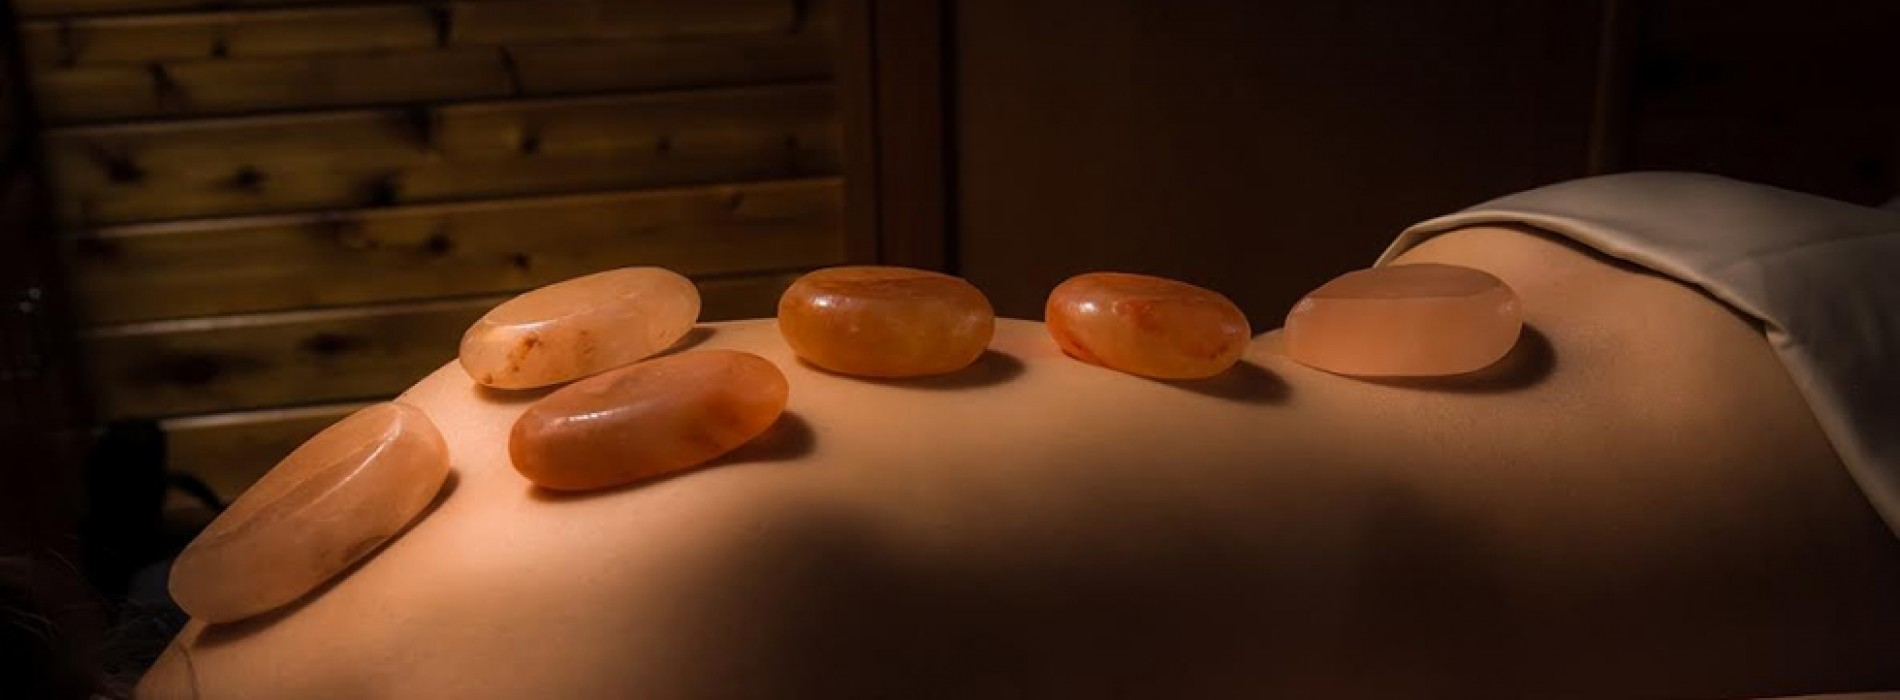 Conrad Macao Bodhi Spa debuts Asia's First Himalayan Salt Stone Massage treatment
■ ■ ■ ■
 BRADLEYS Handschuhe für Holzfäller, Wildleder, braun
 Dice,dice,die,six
■ ■ ■ ■
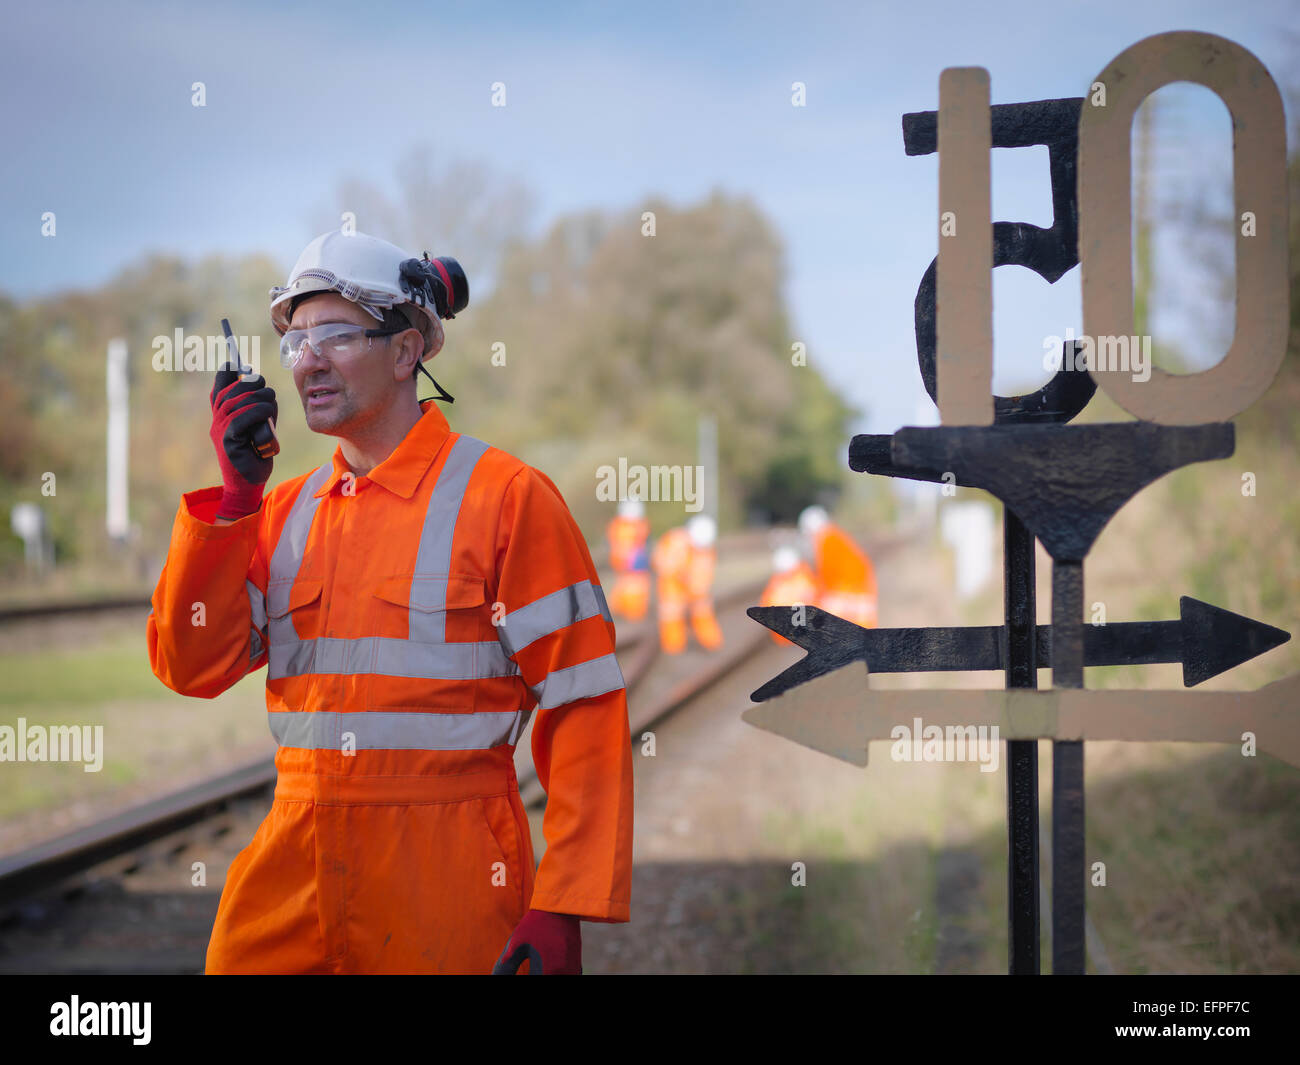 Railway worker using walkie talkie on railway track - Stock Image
■ ■ ■ ■
• Exercise brief: In the listing above, find the line with "BRADLEYS Handschuhe für" and the line with "Dice,dice,die,six"; output exactly those lines and all lines between them.

• Reply to the exercise:
 BRADLEYS Handschuhe für Holzfäller, Wildleder, braun
 Dice,dice,die,six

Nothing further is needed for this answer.